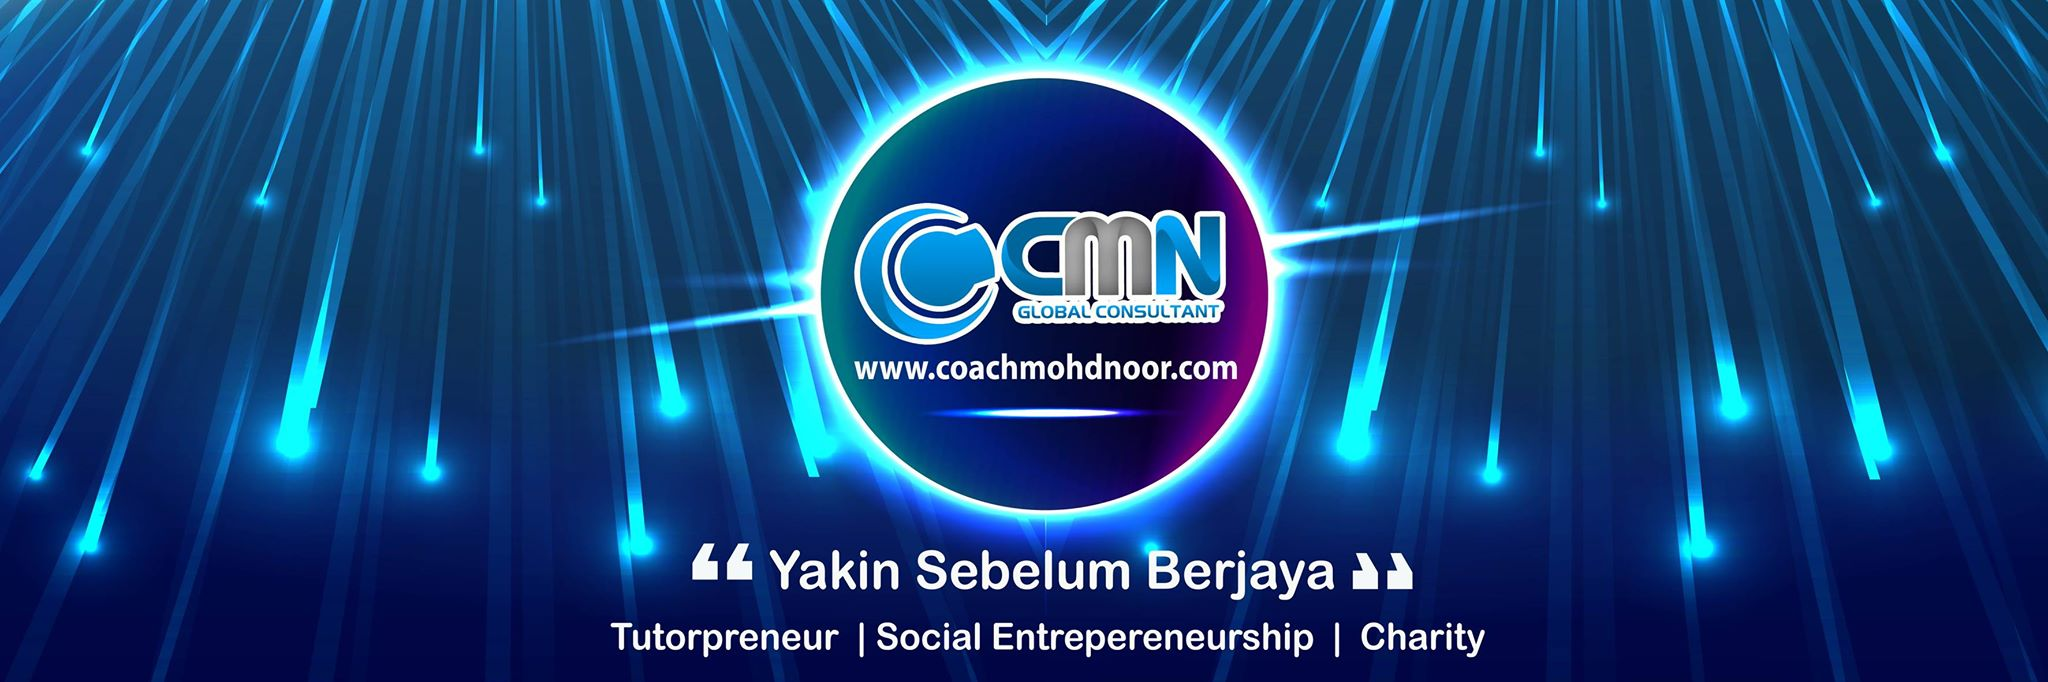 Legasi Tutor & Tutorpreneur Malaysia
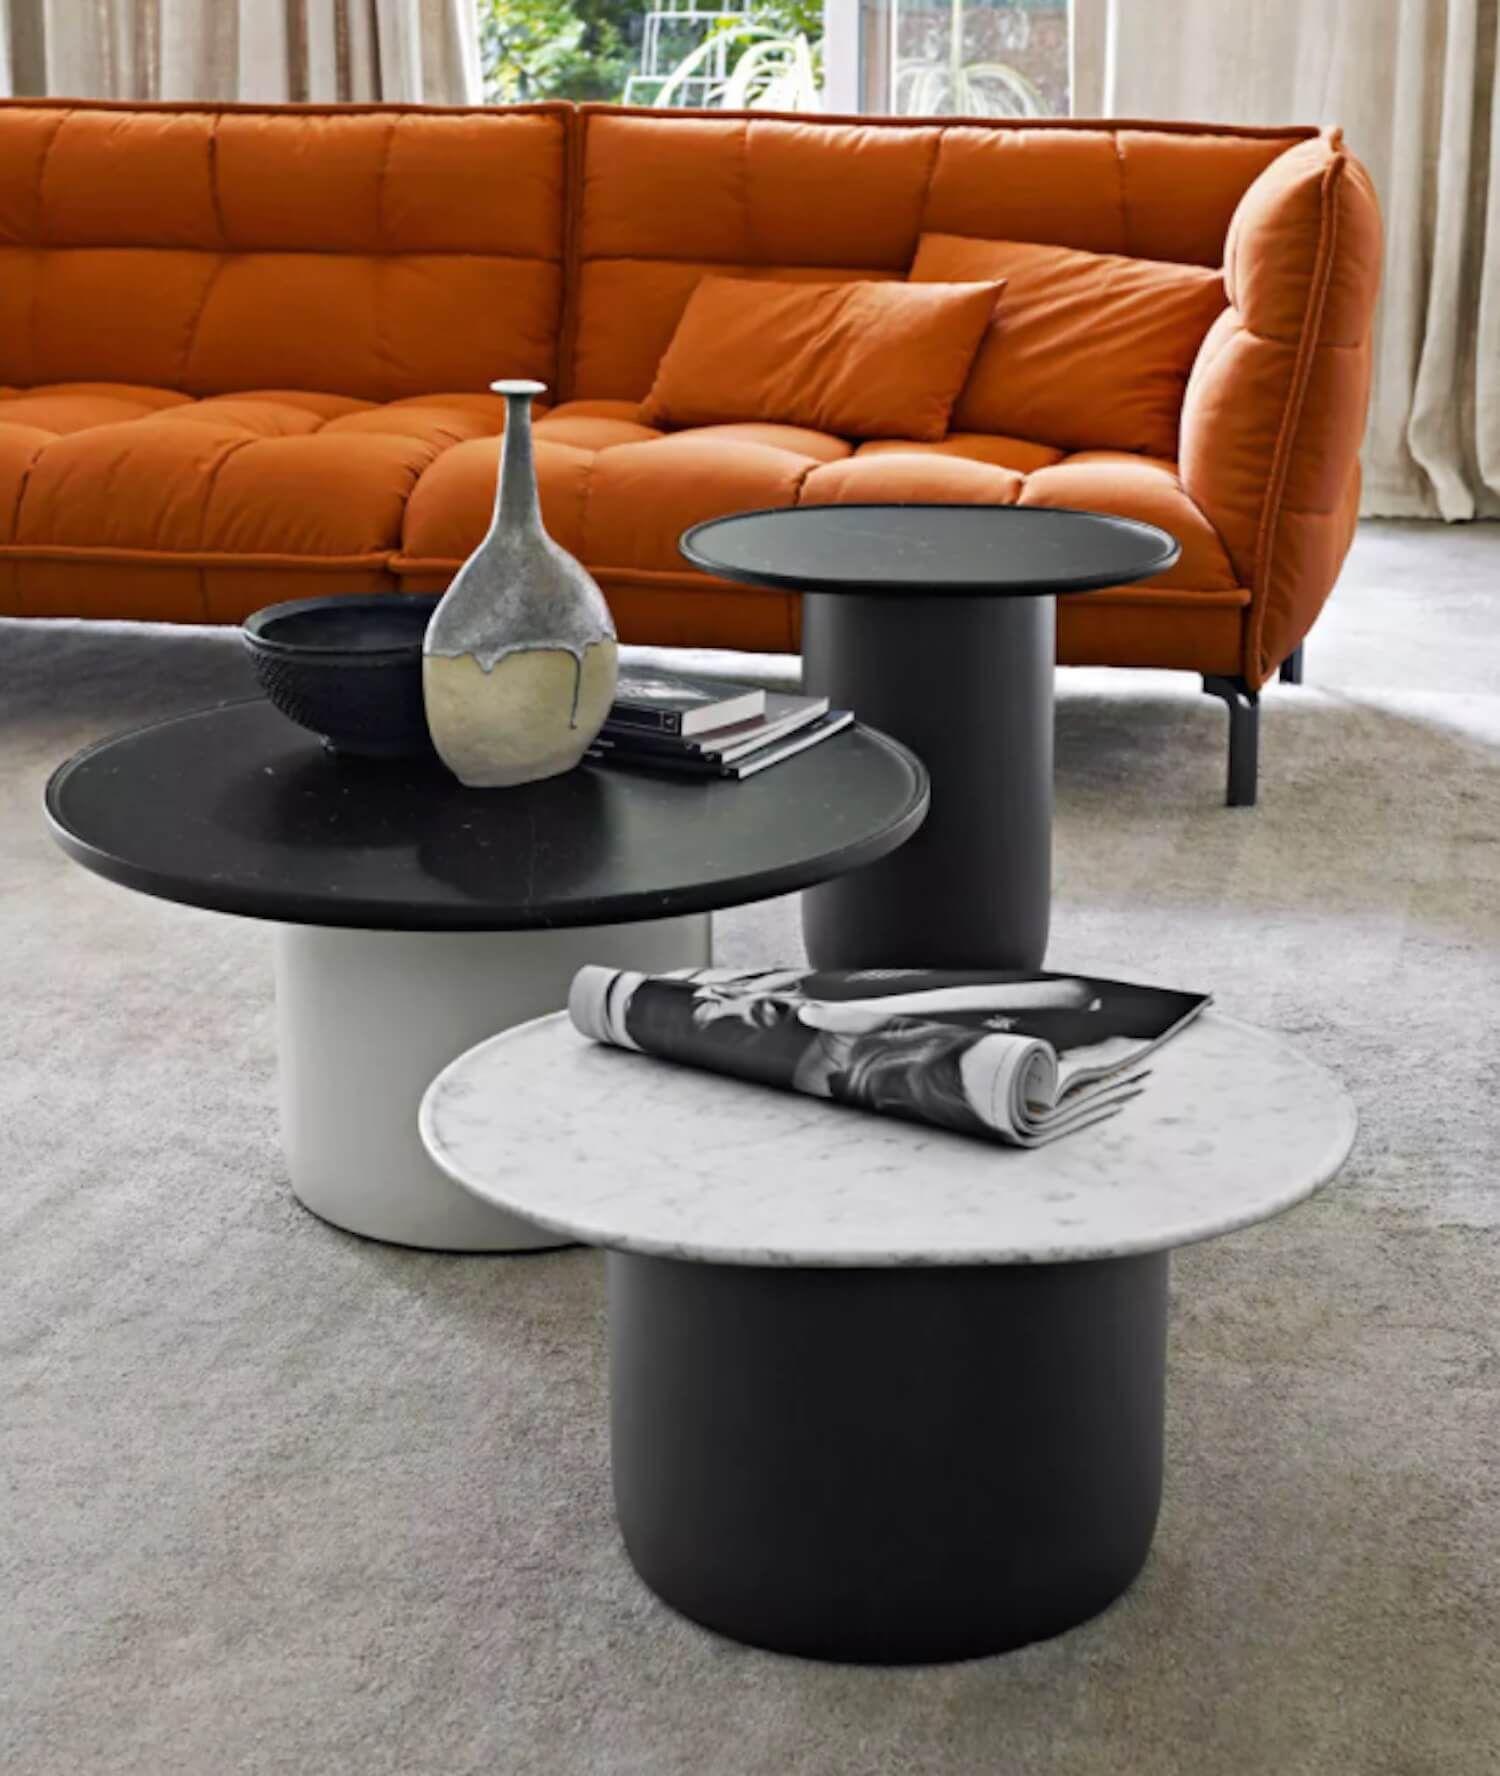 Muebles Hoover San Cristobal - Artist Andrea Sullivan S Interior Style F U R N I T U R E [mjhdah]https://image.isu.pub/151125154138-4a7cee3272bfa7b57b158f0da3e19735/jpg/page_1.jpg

==*==

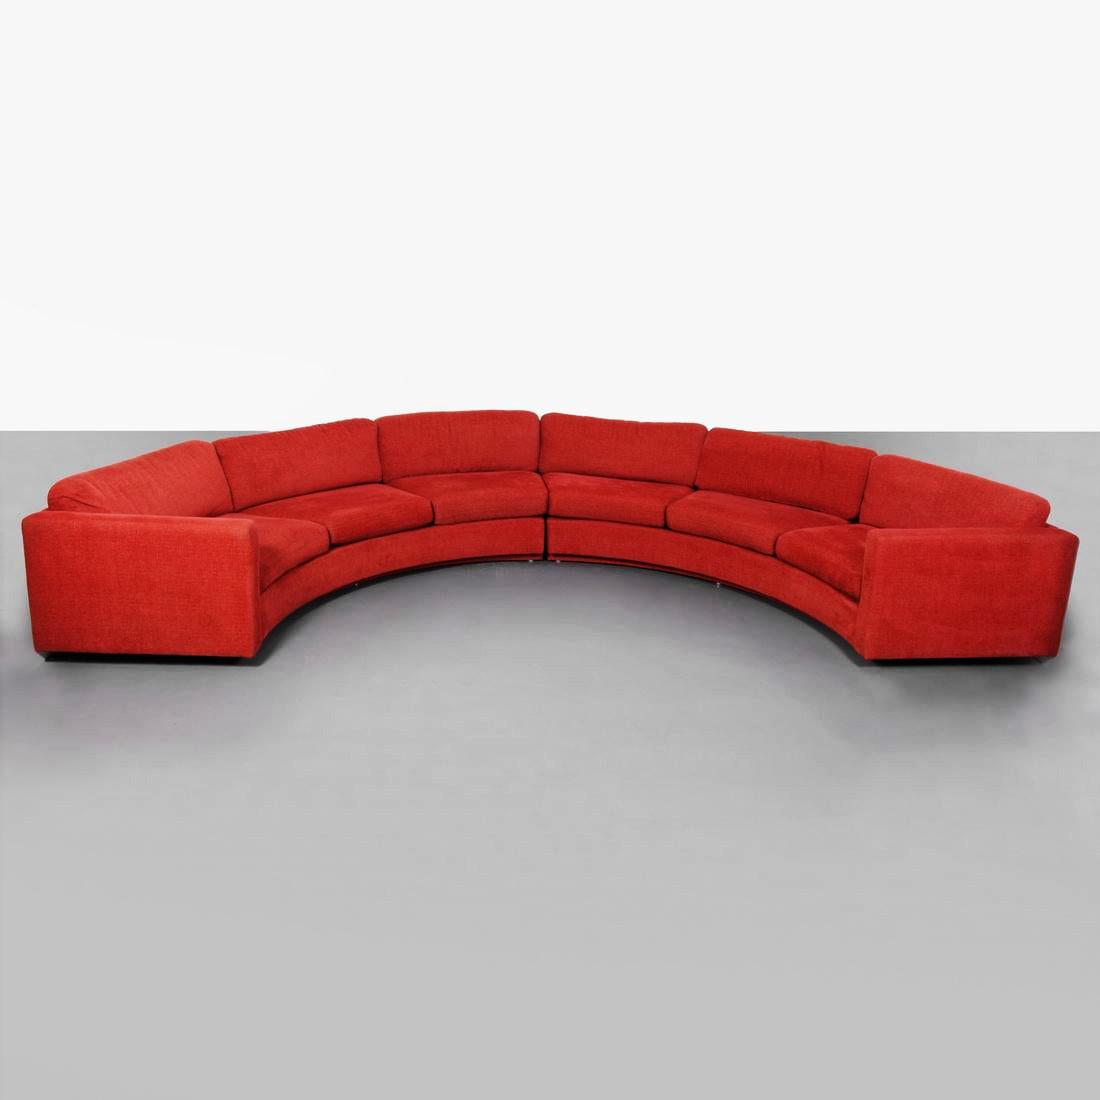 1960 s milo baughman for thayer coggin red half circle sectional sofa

==*==

### [Task prompt]
From the records above, return exactly the lines running from the one that contains "Legasi Tutor & Tutorpreneur Malaysia" down to the one that contains "Muebles Hoover San", both included, without any pictures.

### [Solved exercise]
 Legasi Tutor & Tutorpreneur Malaysia
 Muebles Hoover San Cristobal - Artist Andrea Sullivan S Interior Style F U R N I T U R E [mjhdah]https://image.isu.pub/151125154138-4a7cee3272bfa7b57b158f0da3e19735/jpg/page_1.jpg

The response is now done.